A local company’s application seeking to place Engen Petroleum Zimbabwe under provisional judicial management recently hit a snag after the High Court dismissed the application for want of prosecution.

BY CHARLES LAITON

High Court judge Justice Garainesu Mawadze granted the order on November 11 this year after the company, Total Solutions, failed to pursue the matter further.

“The application for an order for provisional judicial management which was made by the first respondent (Total Solutions) . . . be and is hereby dismissed for want of prosecution,” Justice Mawadze ruled, while slapping Total Solutions with costs of suit.

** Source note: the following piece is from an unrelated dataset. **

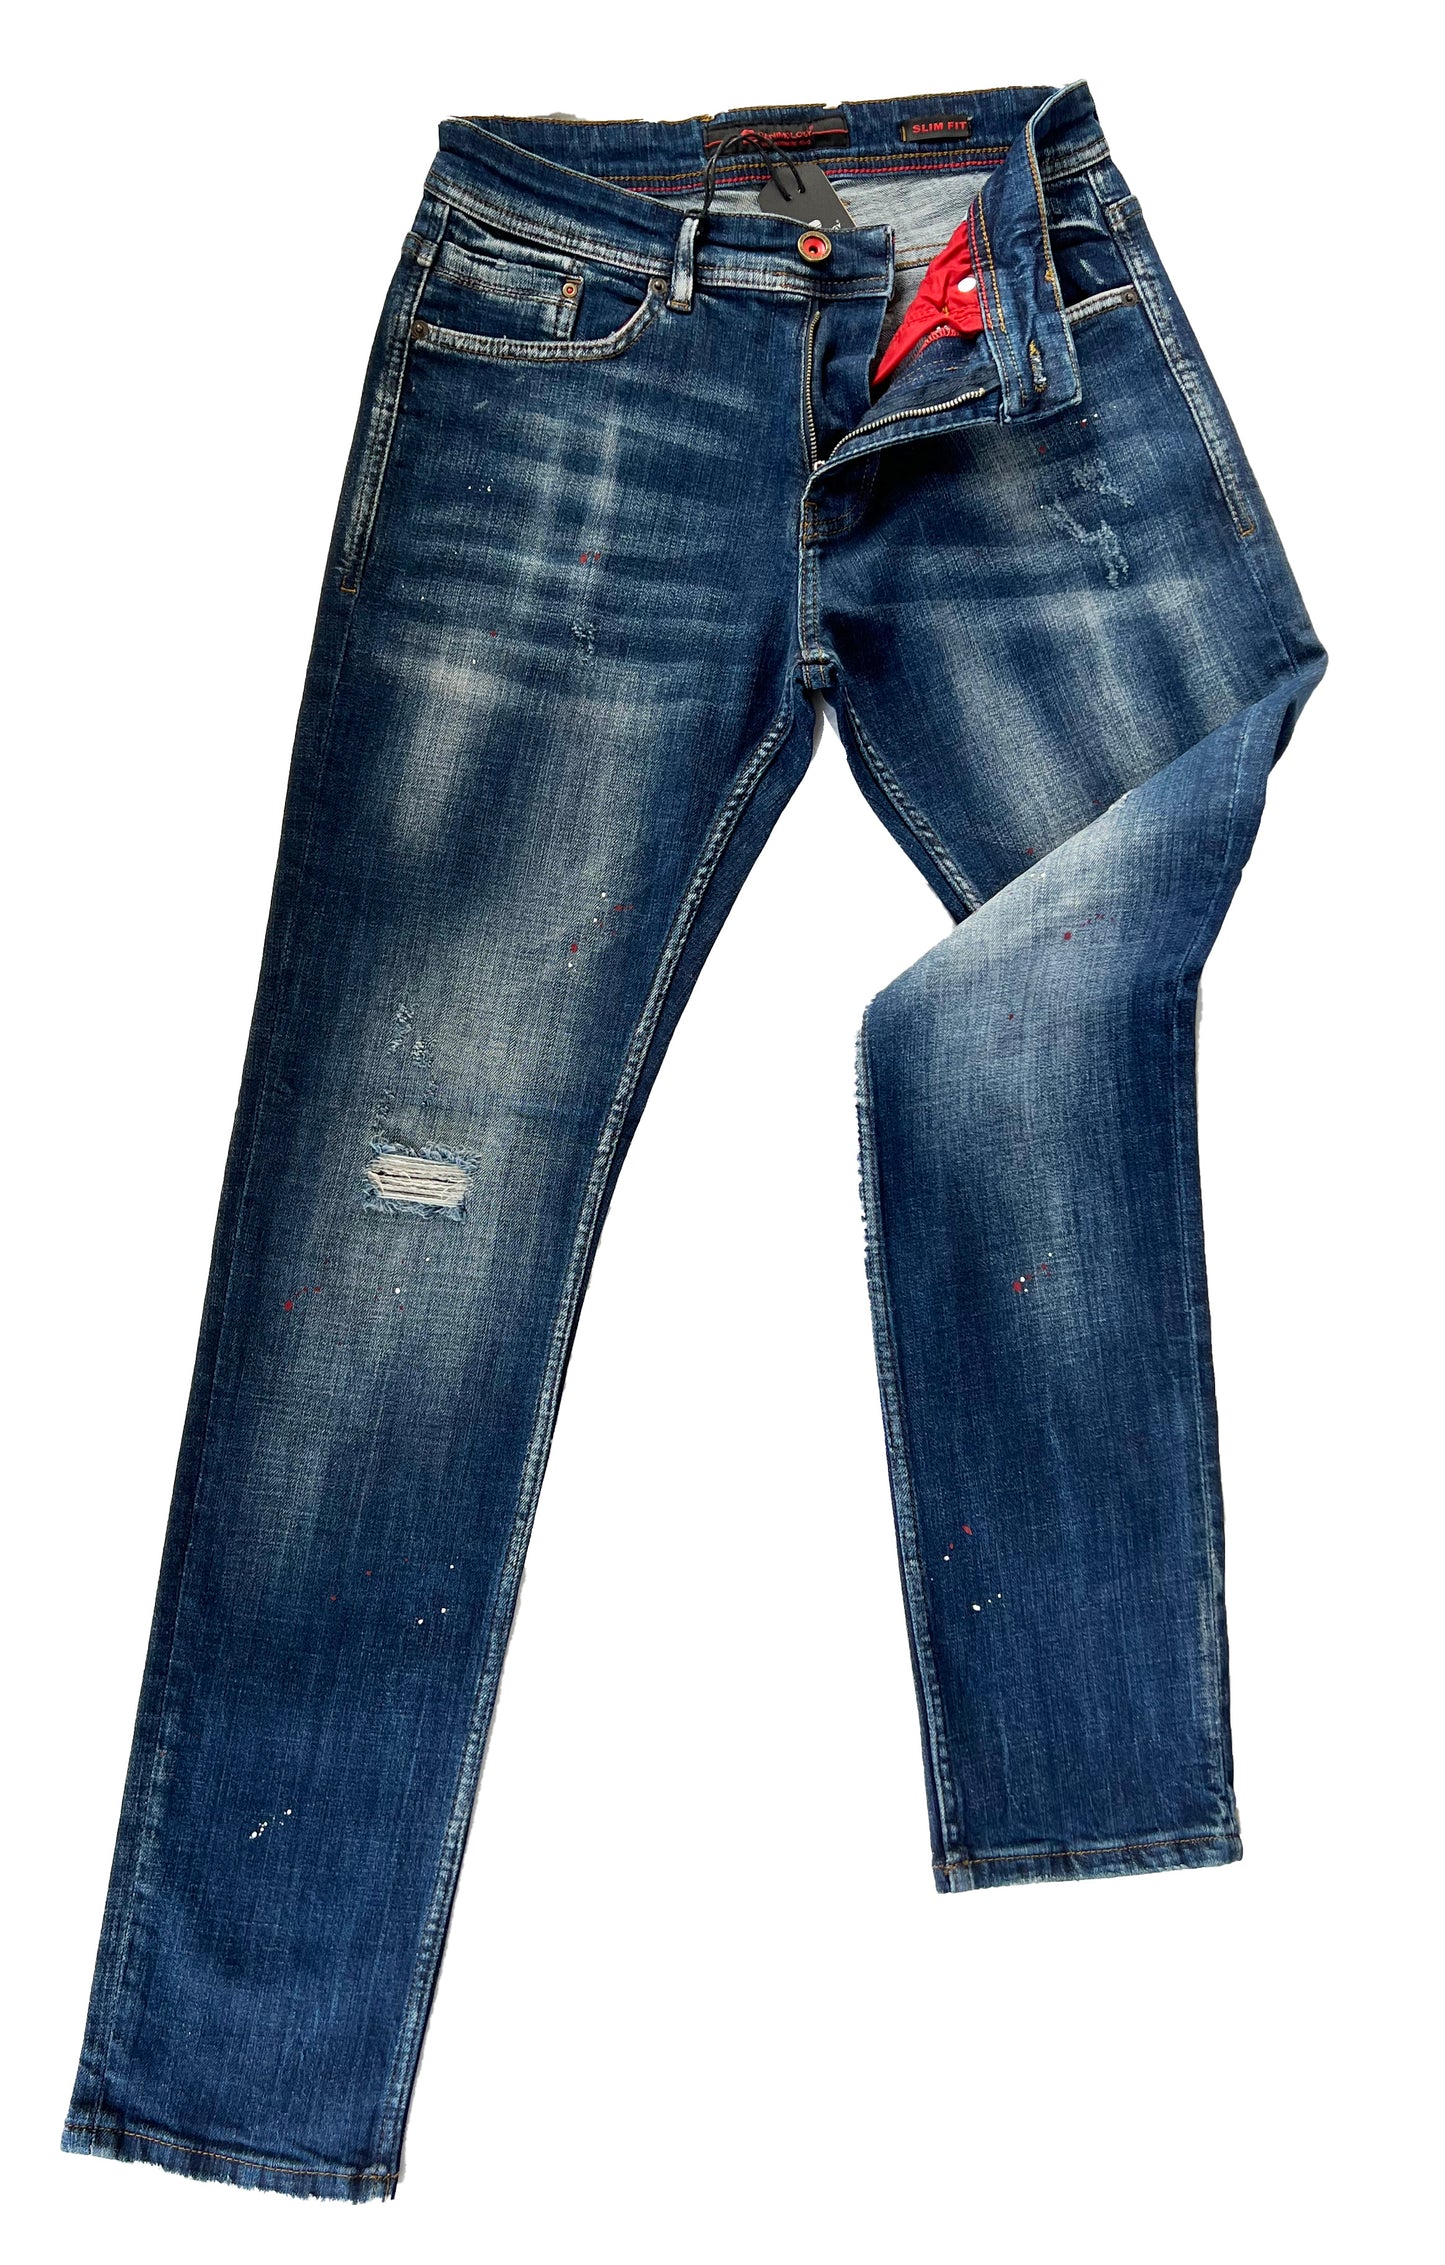 Jeans, Pantalons Confortables Coupe Slim Homme - Darwen

According to the court papers, sometime in August this year, Total Solutions instituted legal proceedings against Engen Petroleum seeking to have the latter placed under provisional judicial management, but the reasons behind the application were not made clear.

engen service station

In terms of the Companies Act, a company may be placed under judicial management for mismanagement or if for any other cause the company is probably unable to pay its debts and has not become, or is prevented from becoming, a successful concern.

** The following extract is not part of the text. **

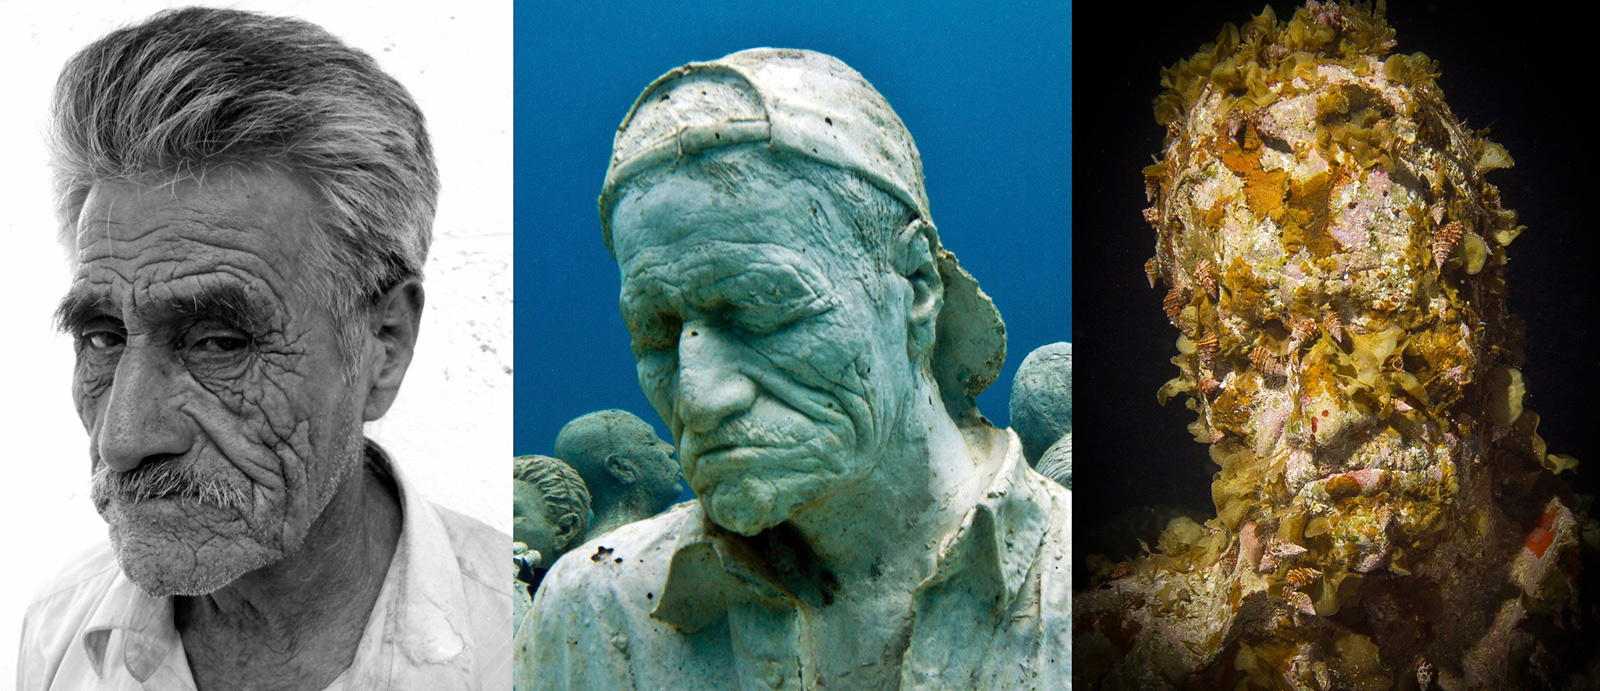 underwater sculpture of man

But, in the case of Engen Petroleum, the application for it to be placed under provisional judicial management was opposed following the filing of notice of opposition and an opposing affidavit by its managing director Cremion Mapfumba on August 31 this year.

After receiving the notice of opposition, Total Solutions is said to have failed to file an answering affidavit nor taken steps to set the matter down for hearing, prompting Engen Petroleum to file an application seeking the dismissal of the matter.

“The respondent (Total Solutions) has clearly shown a disinclination to pursue the matter. The application was filed against a background in which there had been a sale in execution of the applicant’s property (and) shortly after having filed the application, the respondent’s legal practitioners wrote to the Sheriff advising them that they had made the application and presumably requesting the Sheriff not to confirm the sale on that basis,” Mapfumba said.